Nomeco A/S
- Type: A/S
- Industry: Pharmeceutical
- Headquarters: Copenhagen, Denmark
- Area served: Denmark
- Key people: Henrik Kaastrup (CEO)
- Services: Wholesale
- Revenue: DKK 5.926.025 billion (2014)
- Net income: DKK 84.877 million (2014)
- Number of employees: C. 700
- Parent: Phoenix Pharmahandel
- Website: www.nomeco.dk

= Nomeco =

Danish pharmaceutical company

Nomeco, a wholly owned subsidiary of Phoenix Group, is the largest wholesaler of pharmaceutical products in Denmark. The company is headquartered in Copenhagen and is building a 20,000 square metre Nordic logistics centre in Køge which is expected to open in 2017.

==History==
Nomeco was founded in 1991, through the merger of Mecobenzon A/S (founded 1919) and Nordisk Droge og Kemikalie A/S (founded 1903). In 1998, the company was merged with Finnish Tamro Oyj, the largest wholesaler of pharmaceutical products in the Nordic and Baltic countries. In 2000, Phoenix Pharmahandel became the largest shareholder of the company with 33.7% of the shares and in 2005, the company acquired full ownership. In August 2015, it was announced that Nomeco will build a new Nordic logistics centre for pharmaceuticals in Køge south of Copenhagen.

==Company==
Nomeco is headquartered in the South Harbour area of Copenhagen. The new logistics centre for pharmaceuticals in Køge will cover 20,000 square metres and be located in Skandinavisk Transport Center. Will open in the summer of 2018.
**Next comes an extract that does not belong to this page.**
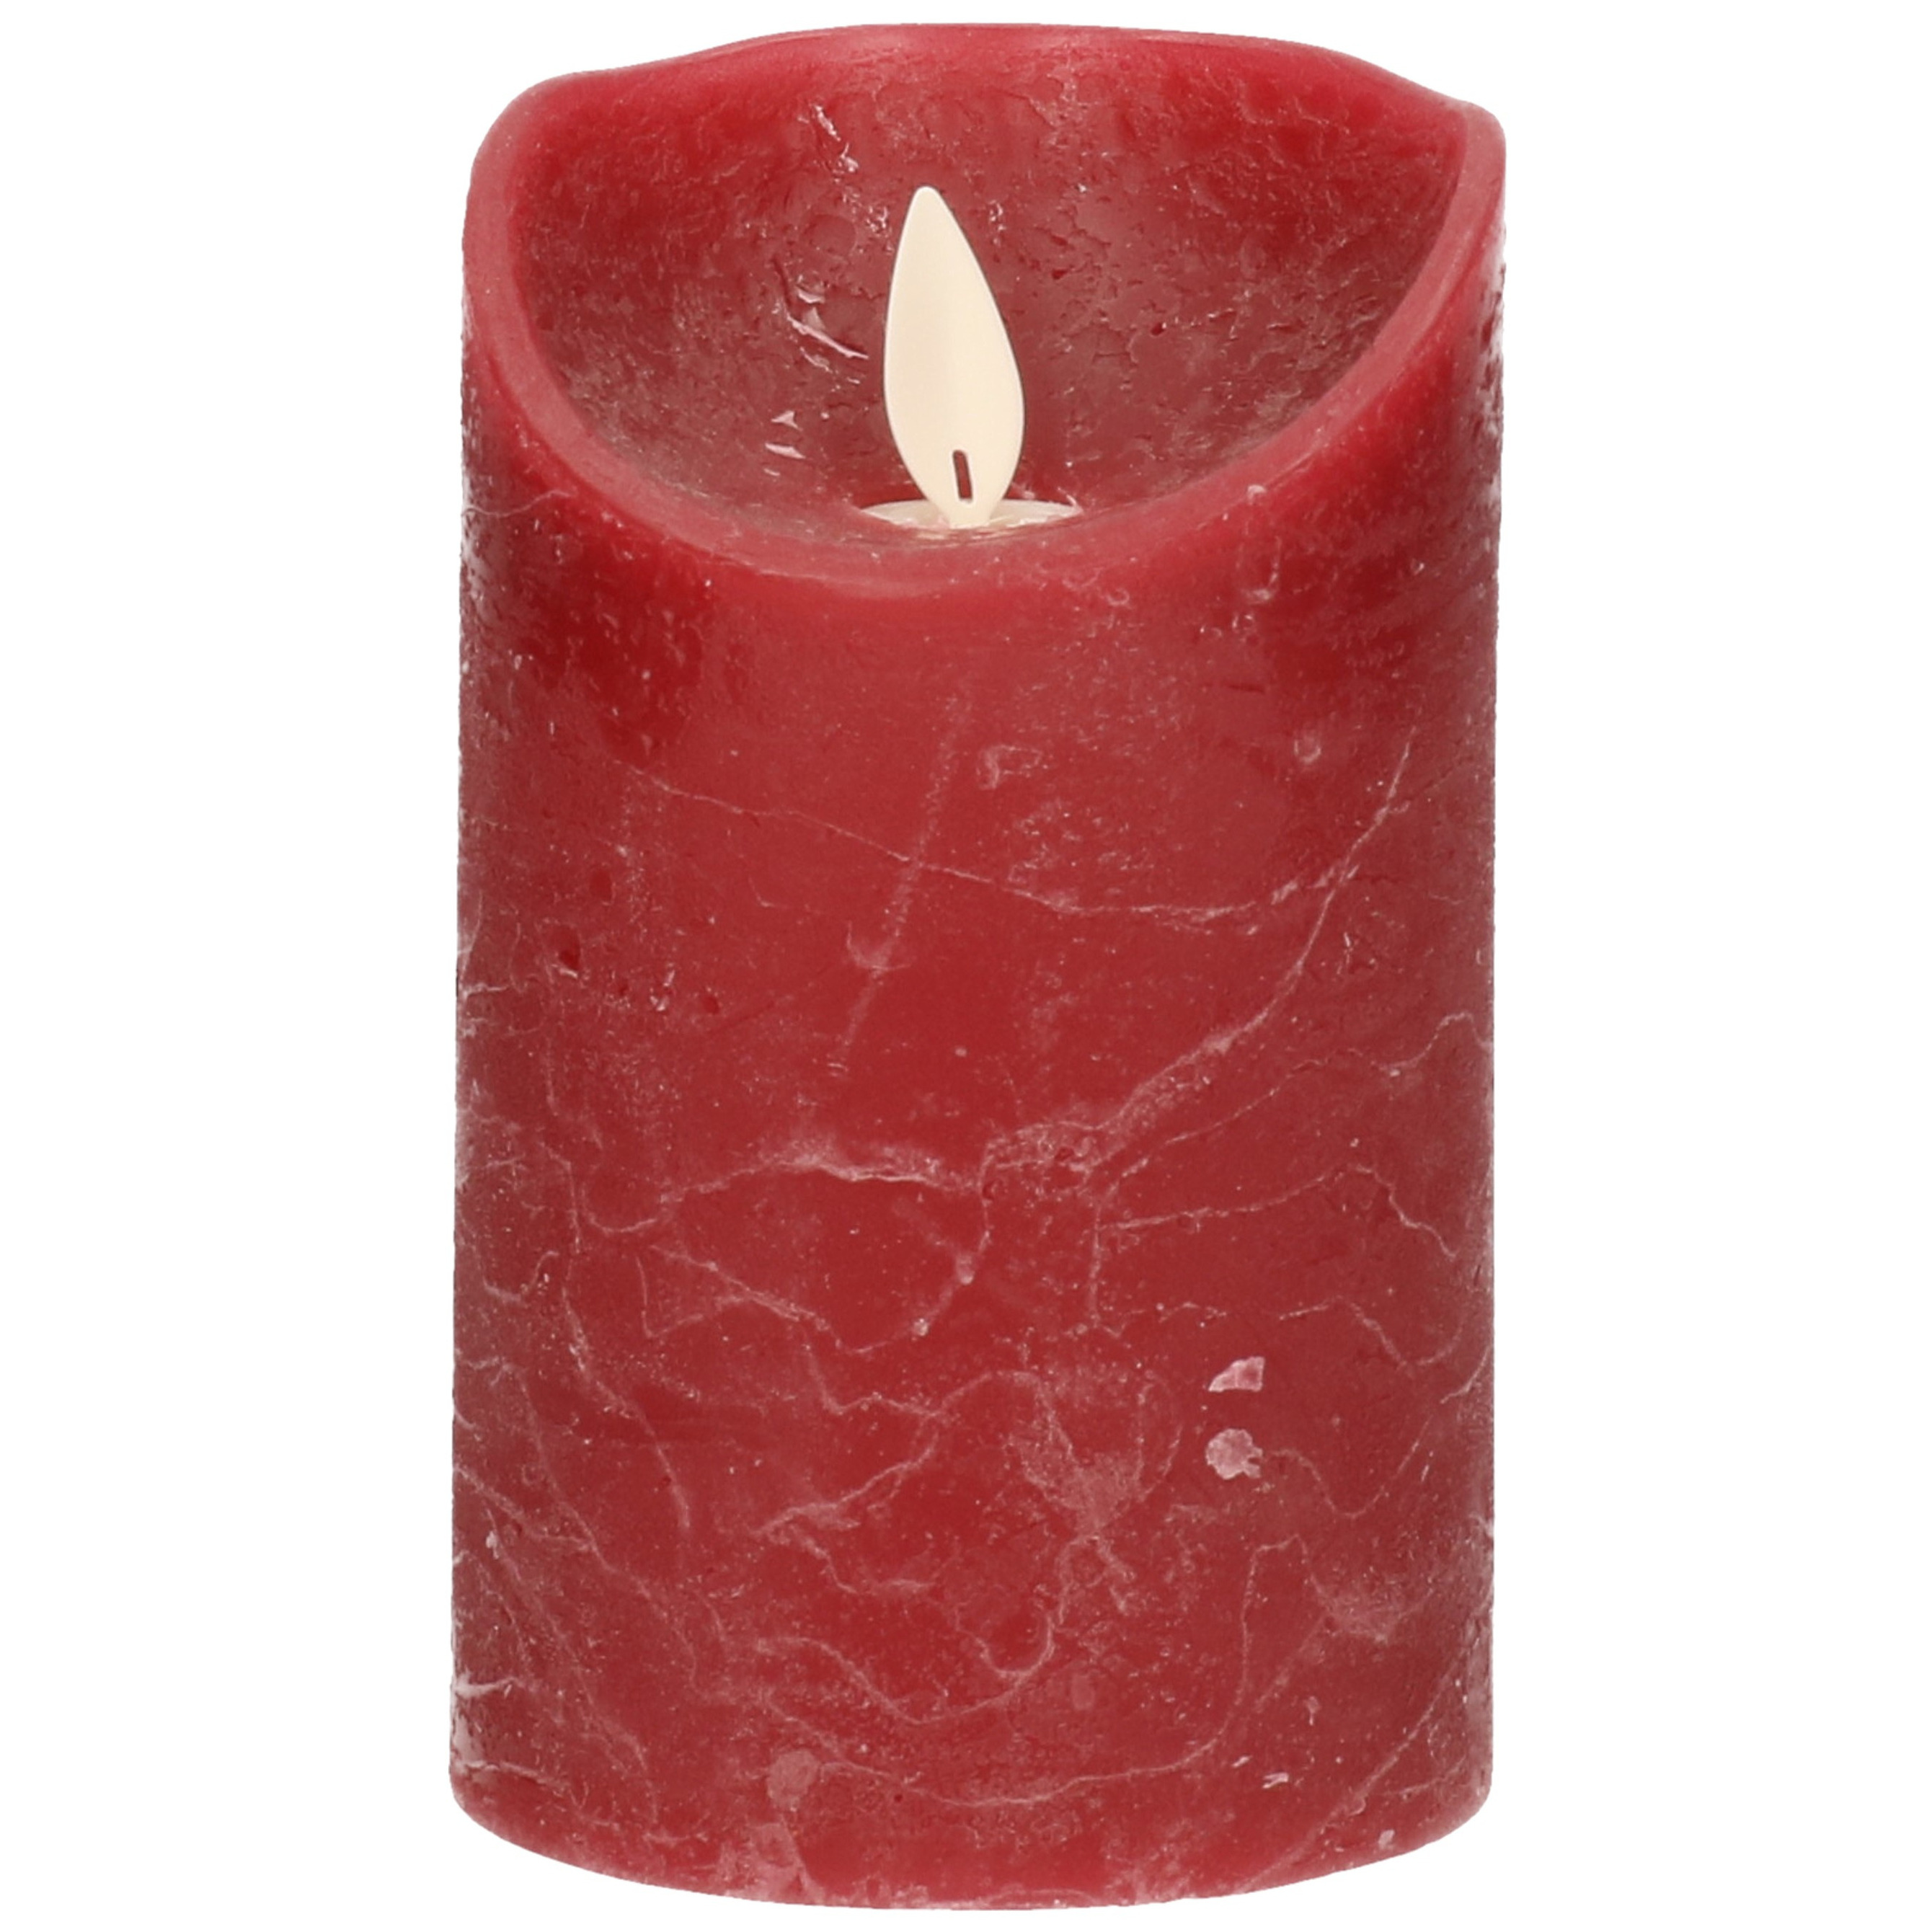 1x Bordeaux rode LED kaarsen - stompkaarsen met bewegende vlam 12,5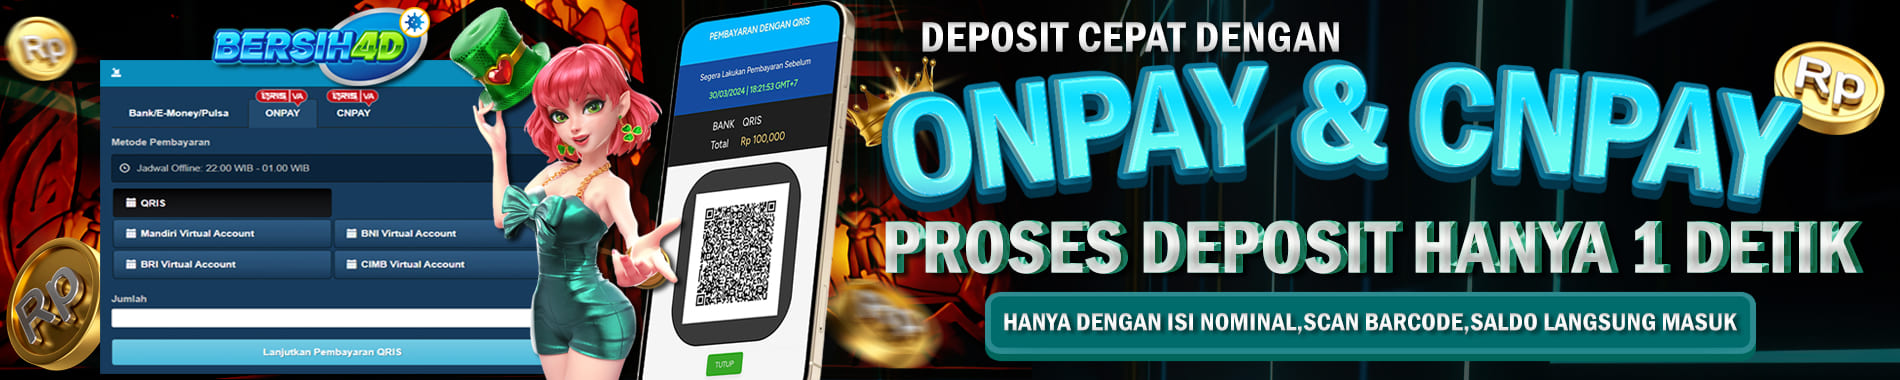 bersih4d deposit cepat dengan onpay dan cnpay

The company is Denmark's largest distributor of pharmaceuticals and other products that promote health and well-being. Nomeco's wide range of services include various information logistics, marketing, sales and registration expert services. Pharmaceutical distribution is Nomeco's core business. Nomeco's customers are pharmaceutical companies, pharmacies, hospitals and retailers.